The metaphor is deliberately unglamorous. A data plumber does the work that makes everything else possible — invisible when it functions correctly and catastrophic when it does not.

Mapping the actual data landscape. Not the architecture diagram from three years ago, not the slide deck presented to the board. The real picture: where data actually lives, how it actually moves, what transformations happen along the way, and where things break. In every organisation examined closely, the documented architecture and the actual data flow have diverged significantly — sometimes dramatically. The map is not the territory, and the gap between them is where most data quality problems originate.

Building reliable pipelines. Extraction jobs that handle edge cases. Transformation logic that accounts for inconsistencies between source systems. Validation checks that catch problems before they propagate downstream — because a data quality issue caught at ingestion costs almost nothing to fix, while the same issue discovered in a client-facing report costs an enormous amount in remediation, trust, and occasionally regulatory exposure. Monitoring that alerts when something fails at three in the morning, rather than when an analyst discovers the wrong number three weeks later.

Enforcing consistency at the source. The most impactful intervention is often the least technical: agreeing on a common definition of key entities across departments. This requires political capital as much as technical skill. Business units are territorial about their data. Finance has always called it one thing; Operations calls it something else; the client-facing teams have a third definition that made sense when the business was smaller and has never been properly reconciled. A data plumber has to navigate those organisational dynamics as well as the technical ones.

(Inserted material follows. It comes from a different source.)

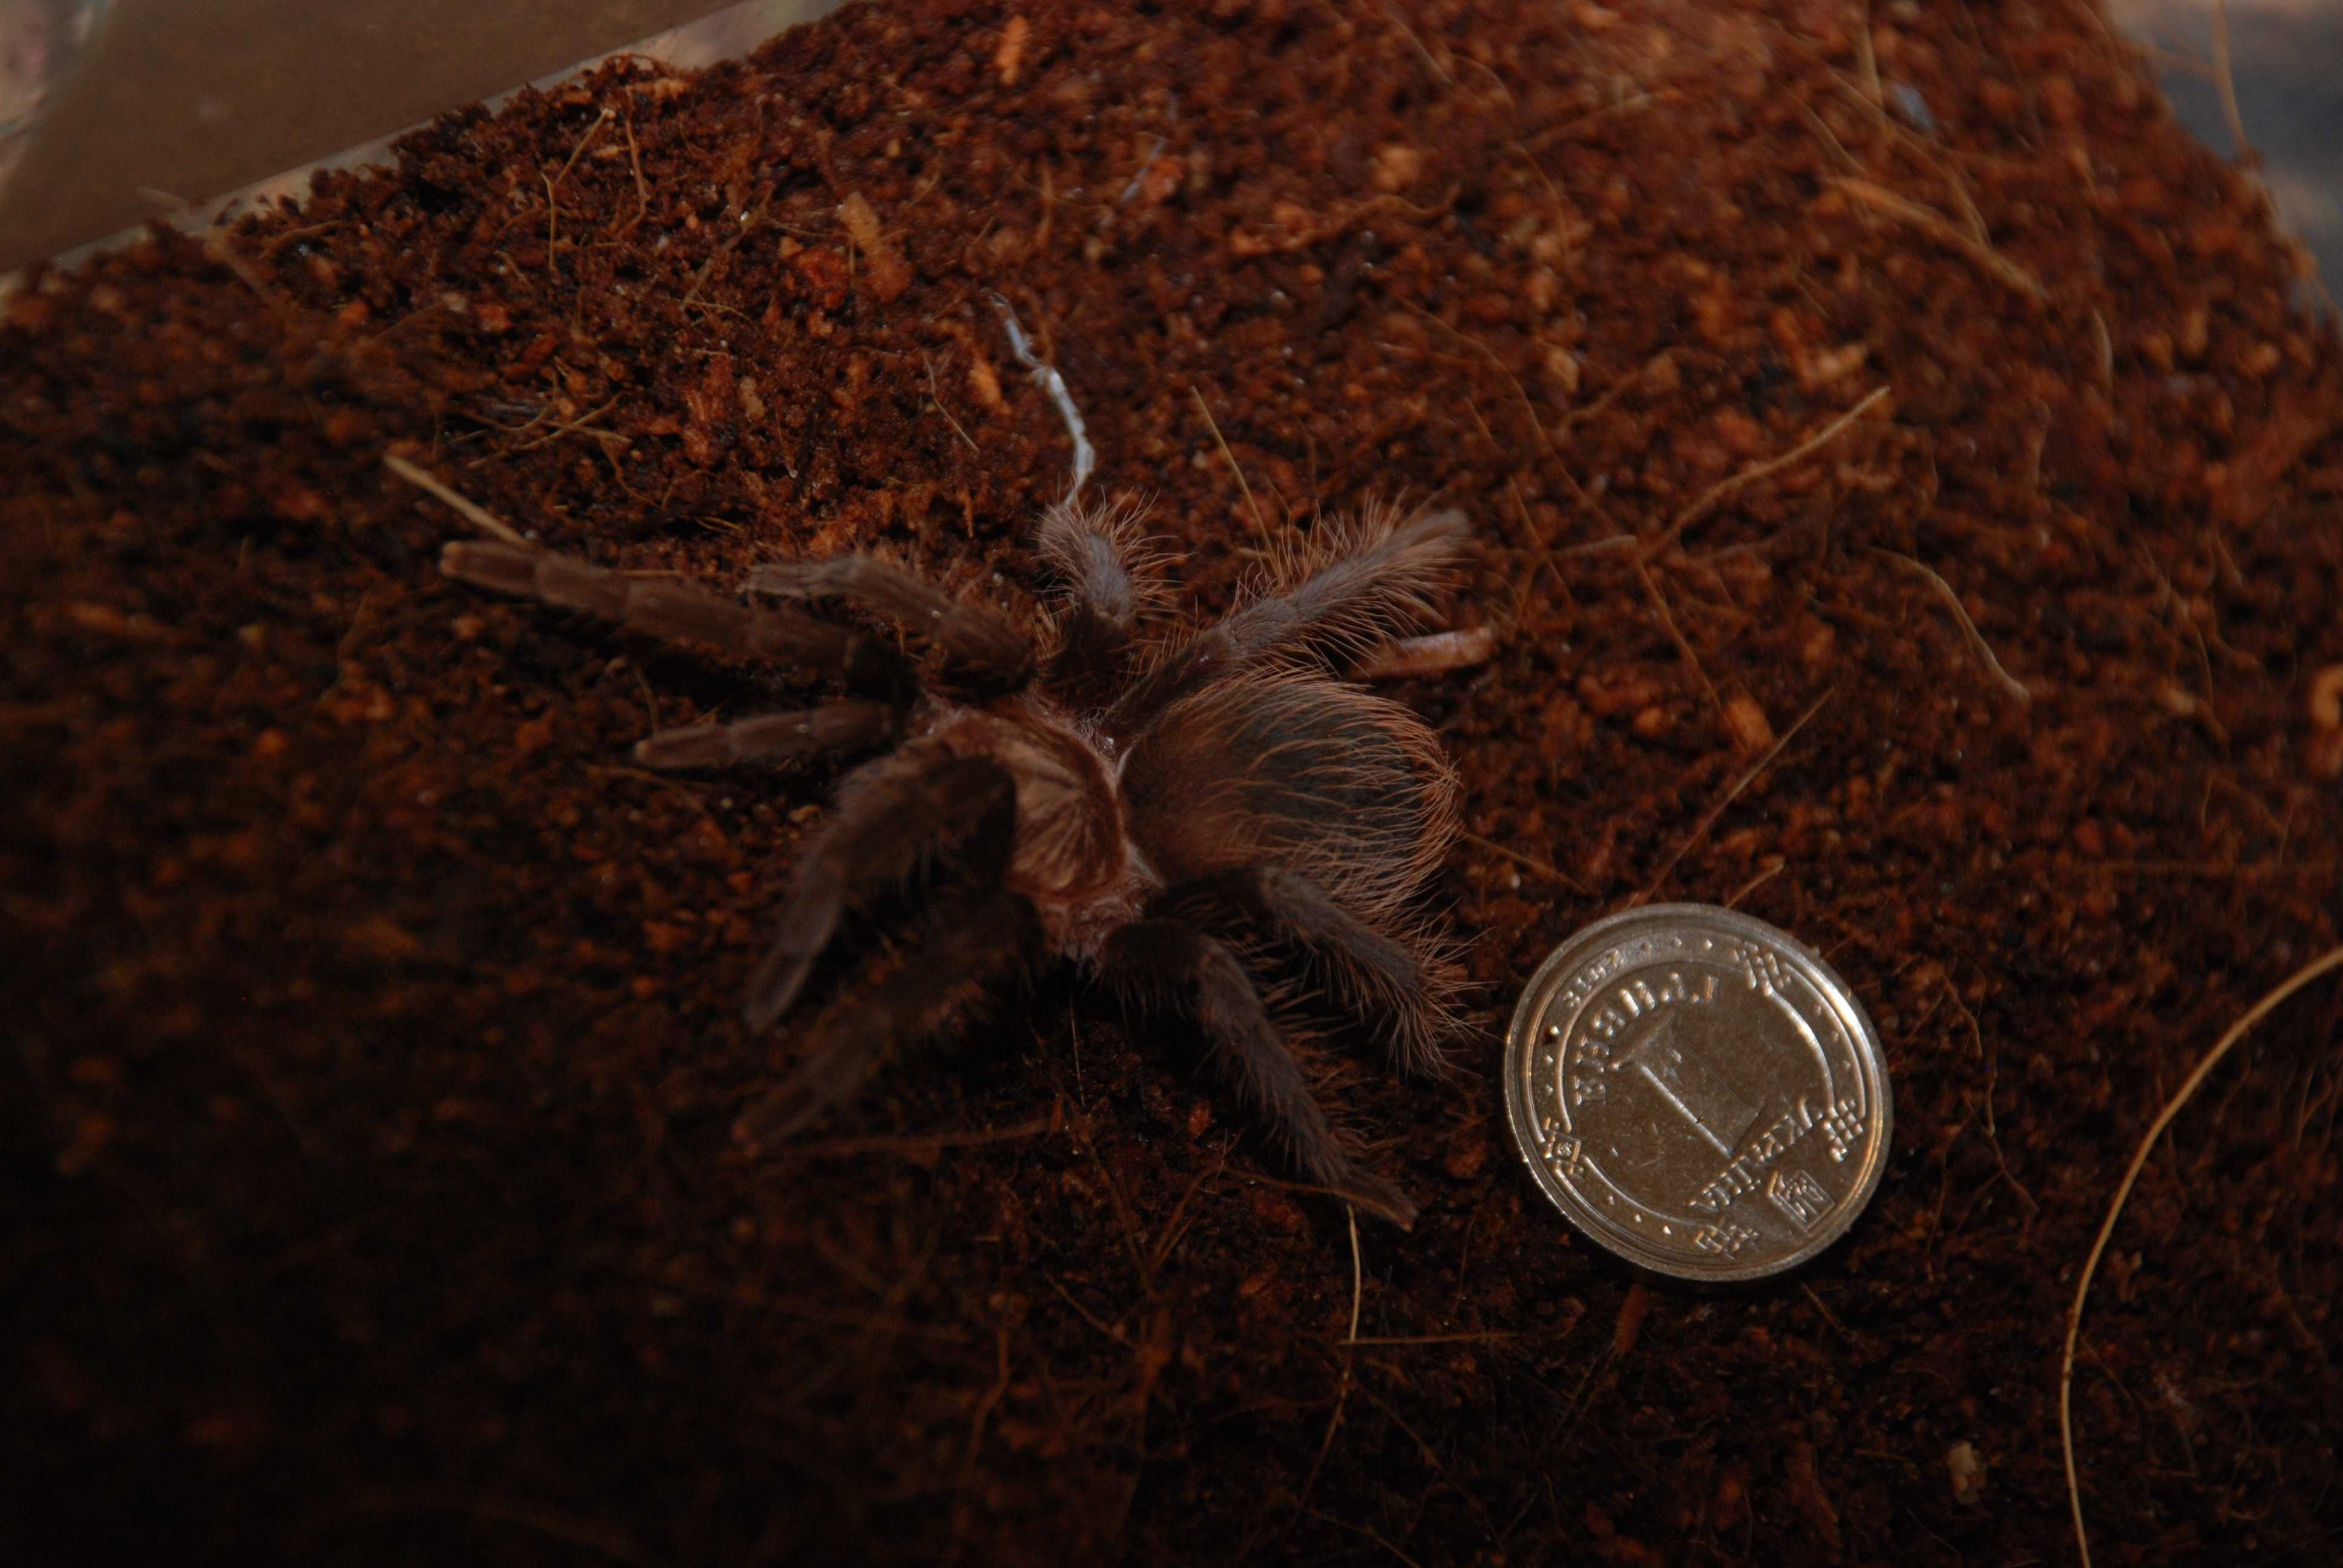 Красивейший паук Брахипельма Альбопилосум

Maintaining lineage and auditability. In regulated industries, knowing where a number came from — which source system, which transformation, which version of the logic — is not optional. When a regulator asks how a particular figure was calculated, "the data warehouse produced it" is not an acceptable answer. Data plumbing includes the metadata that makes every output traceable back to its origins: a full chain of custody from raw source data to final output.

Treating pipelines as software. One of the most common mistakes is treating data pipelines as scripts — one-off pieces of code written to solve an immediate problem, deployed, and forgotten. Reliable pipelines require version control, testing, documentation, and ongoing maintenance. They need to be treated with the same engineering rigour as production software, because that is precisely what they are.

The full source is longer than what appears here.